Spine spoiled Restorative Therapy’s (and Medtronic’s) near-perfect financial report card, posting FY15’s only loss. Division sales slipped 2 percent to $2.97 billion as Interventional spine proceeds fell victim to weak demand in Europe, pricing pressures in Germany, and overall foreign currency volatility. Neither modest U.S. procedural growth nor new product launches—namely, the Prestige LP Cervical Disc and Pure Titanium Coated interbody fusion devices—could overcome domestic pricing pressures and lingering stagnation in the bone morphogenetic protein market.
Debuting in July 2014, the Prestige LP Cervical disc is intended to treat single-level diseased discs. The implant is an upgrade to the Prestige disc Medtronic released in 2007 featuring a ball-and-trough socket that maintains natural bending, rotation, and translation of the two components relative to each other.
The LP disc features an improved fixation mechanism that uses two rails that press into pre-drilled holes instead of the commonly used bone screws.
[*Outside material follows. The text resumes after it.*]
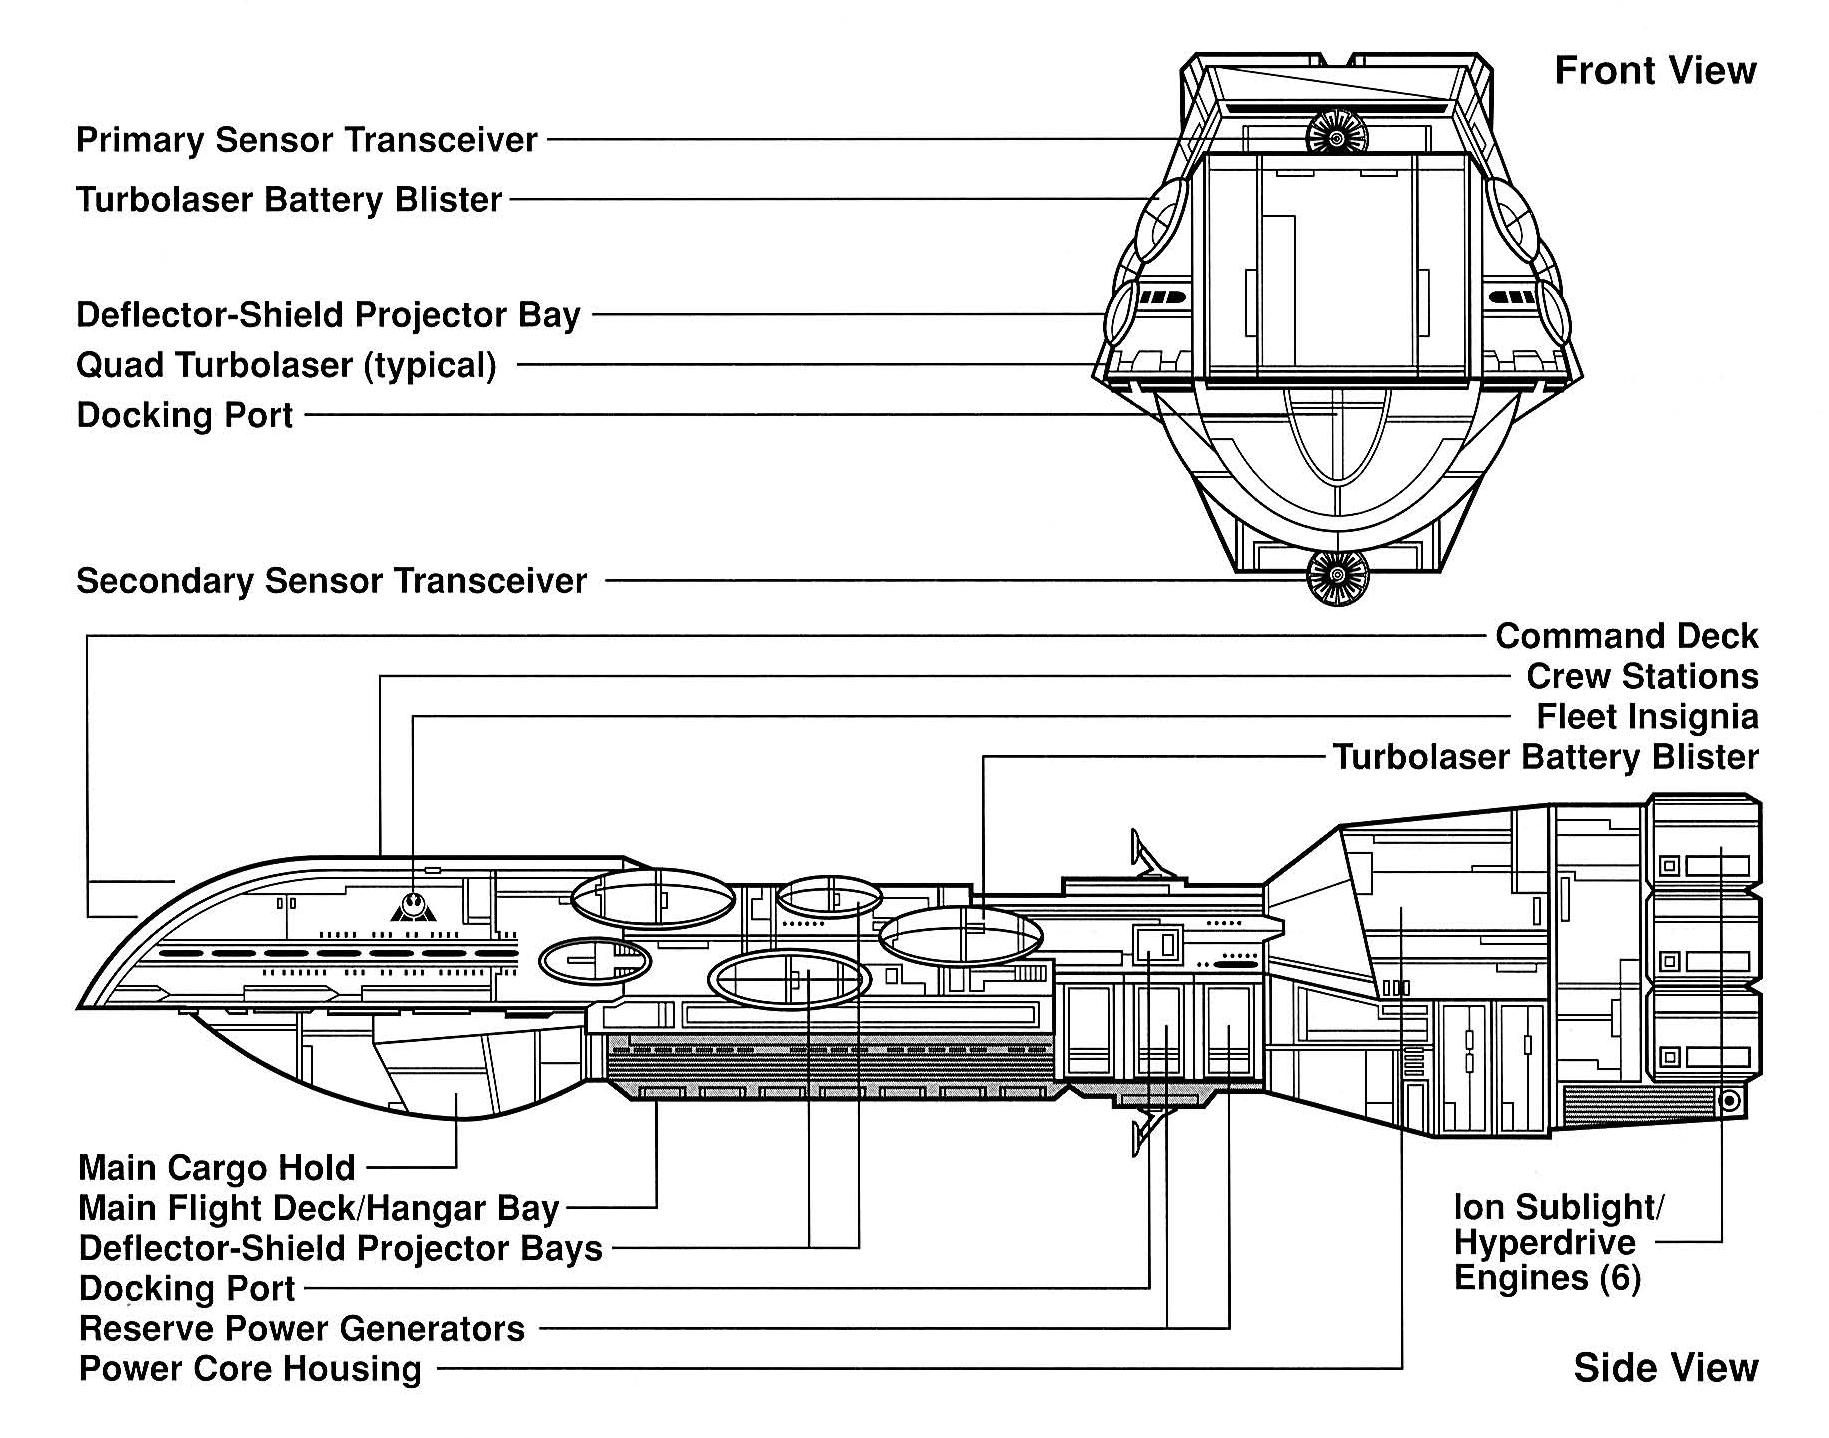 Minecraft Star Wars Ship Schematics Hyperdrive Wiring Diagram V Diagrams U2022 Rh Seniorlivinguniversity Co Book

The device is made of a proprietary titanium-ceramic composite that reportedly has demonstrated slower wear while producing less visual scatter during magnetic resonance imaging scans when compared to stainless steel. Available worldwide for a decade, U.S. Food and Drug Administration (FDA) approval of the disc occurred following a prospective, multicenter, historical-controlled investigational device exemption trial in the United States.
FDA approval of the Prestige LP disc coincided with CE marking of the pure titanium-coated Capstone PTC and Clydesdale PTC Spinal systems—devices intended to help reduce pressure on spinal cords or nerve roots during recovery from spinal surgery. The Clydesdale system comprises tantalum markers and PEEK (polyether ether ketone) cages of various widths and heights that can be inserted between two lumbar or lumbosacral vertebral bodies for support and correction during lumbar interbody fusion surgeries. The implants’ hollow geometry allows them to be packed with autogenous bone graft, according to Medtronic. Both systems received FDA clearance in March 2014 and hit the U.S. market in August that year.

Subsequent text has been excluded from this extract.